What Gear Should You Pack For Outdoor Martial Arts Training?

0 Posted by - August 13, 2020 - Training, Wisdom
outdoor martial arts training

Taking your martial arts training outside has always been a fun option for martial artists looking for a chance of pace during the summer months, but outdoor martial arts training has become more popular than ever this year. Social distancing restrictions are being eased in many parts of the world, but gyms remain off limits in many places. Even where gyms are open, not everyone might feel comfortable training in close contact in indoor spaces just yet. For martial artists who aren’t ready to return to the gym, but are interested in training with a trusted partner — or performing solo drills a recommended distance away from their classmates — parks and other open outdoor spaces provide a promising alternative. 

That doesn’t mean that we encourage everyone to run outside and train with their whole team right now. Our health and the health of those around us should be our number one priority. Part of being a good martial artist is being responsible to ourselves and our communities, after all. As long as you and your training partners are taking the right precautions and following all of the most current regulations and guidelines for your area, though, we’d like to help you get the most out of your outdoor martial arts training. 

Let’s start by looking at what you’ll need to pack for your outdoor martial arts class:

Mats

If you’re training in grappling arts like wrestling, Brazilian Jiu-Jitsu, Judo, and MMA, you’ll definitely want to put some padding between yourself and the ground. A set of four jigsaw mats will give you enough coverage to work on solo martial arts drills in outdoor spaces — and be small and portable enough for you to carry to and from your training location. For partner drills, aim to bring six to eight pieces.
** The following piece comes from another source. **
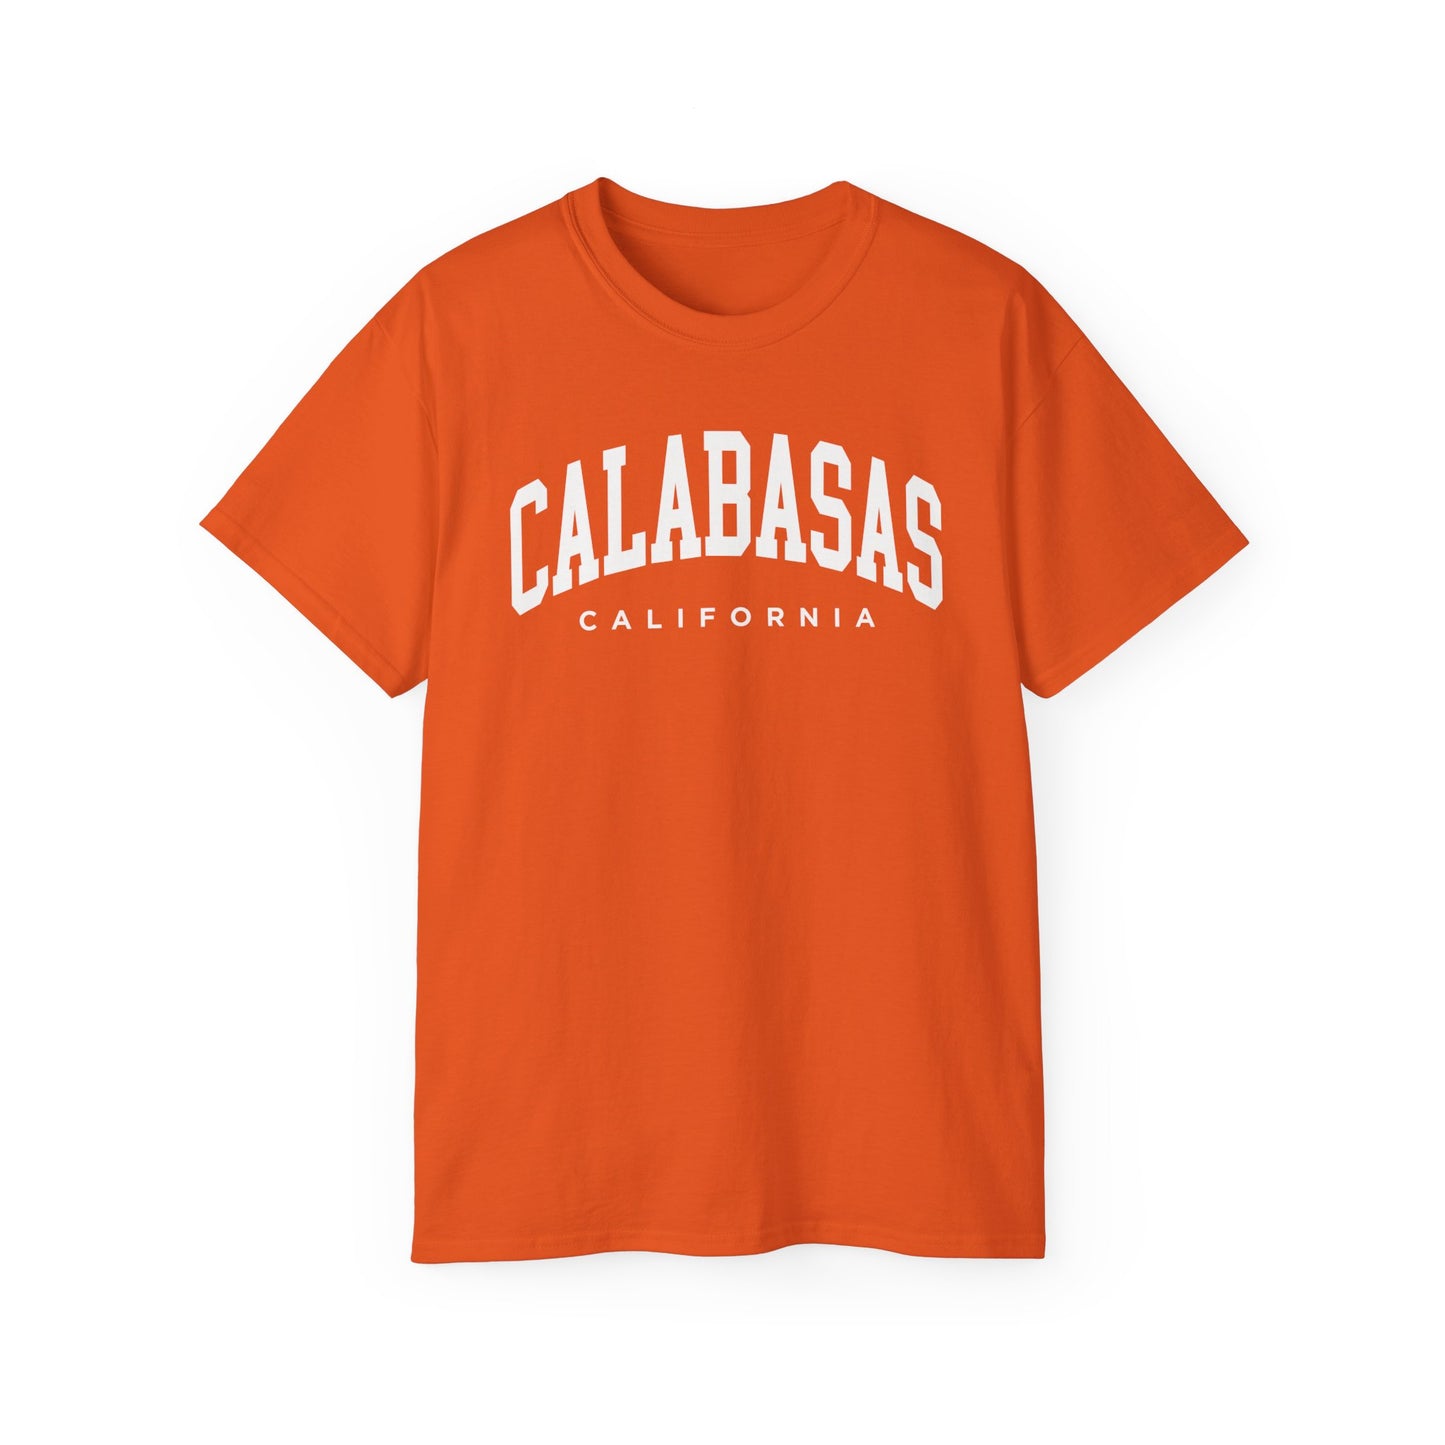 Calabasas California Tee

Even if you’re training in striking arts like boxing or kickboxing, or focusing on standup techniques, it can’t hurt to bring a yoga mat or a couple of jigsaw mat pieces along to make your warmup and cooldown more comfortable. In addition, mats are a great visual cue for social distance martial arts training. It’s much easier to remember to stay at least six feet apart from your classmates when you’re all staying within the boundaries of your own mats. 

A Uniform or Change of Clothes

One of the downsides to outdoor martial arts training is that it is very unlikely that you’ll have access to the same changing facilities that you’d have in a traditional gym setting. In addition to how you’ll clean up post-training (which we’ll talk about in more detail later in this post), this will also change what you can wear during training. Unless you’re travelling by car — and you can park somewhere relatively private and you feel comfortable fully changing in your car — you will likely be training in at least some of the same clothes you will wear to and from the location. So plan your outfit accordingly.

If you’re training in a martial arts uniform, it will probably be most convenient for you to go to and from class in a rash guard or workout top and shorts that fit comfortably under your gi, dubok, or Thai shorts. That way you can wear your uniform overtop for class, pack it away again when you’re done, and properly change and clean your gear when you get home. If you’re training in workout wear, you have the option of staying in that, or packing loose-fitting clothes like a shirt and warmup pants that you can quickly and discreetly throw on top afterwards. 

outdoor martial arts

Portable Training Gear

Another challenge that comes with martial arts training in outdoor spaces is that you won’t have access to all of the same training gear that you’d have in a gym, like heavy bags, professional grade throwing dummies, or communal focus pads. So unless you’re strictly working on bodyweight training in your outdoor martial arts classes, you will probably need to pack your own. To make your setup and transport as easy as possible, keep it simple. Pick one or two smaller pieces of equipment, like focus pads, or a smaller, homemade training dummy. Bring your biggest ideas about how to use that gear along, too. Our tools might be limited right now, but our minds aren’t. 

outdoor martial arts

Sanitizer, Wipes, and PPE

In a traditional martial arts gym in more normal times, we can and should shower after class. And clean our gear as soon as we get home. With outdoor martial arts training, the shower has to wait until we get home. But there are steps that we can take to practice the best hygiene we can until a full wash is possible. Including a package of sterilizing wipes and/or a bottle of hand sanitizer and using them regularly throughout your outdoor training will help to protect your health and your training partners’ health. Packing a set of baby wipes or moist towelettes can also help you freshen up after class. 

It’s also a good idea to include a few spare disposable masks in your training gear, just in case something happens to the one(s) you’re wearing to and from — and possibly during — training. Or to help out any classmate who might need an extra. 

outdoor martial arts

A Gear Bag

Finally, you’ll need something that can carry all of the above. Or almost all of the above. A ProForce gear bag will safely store — and ventilate! — everything you’ll need for your outdoor martial arts training. You’ll just have to carry those jigsaw mats separately.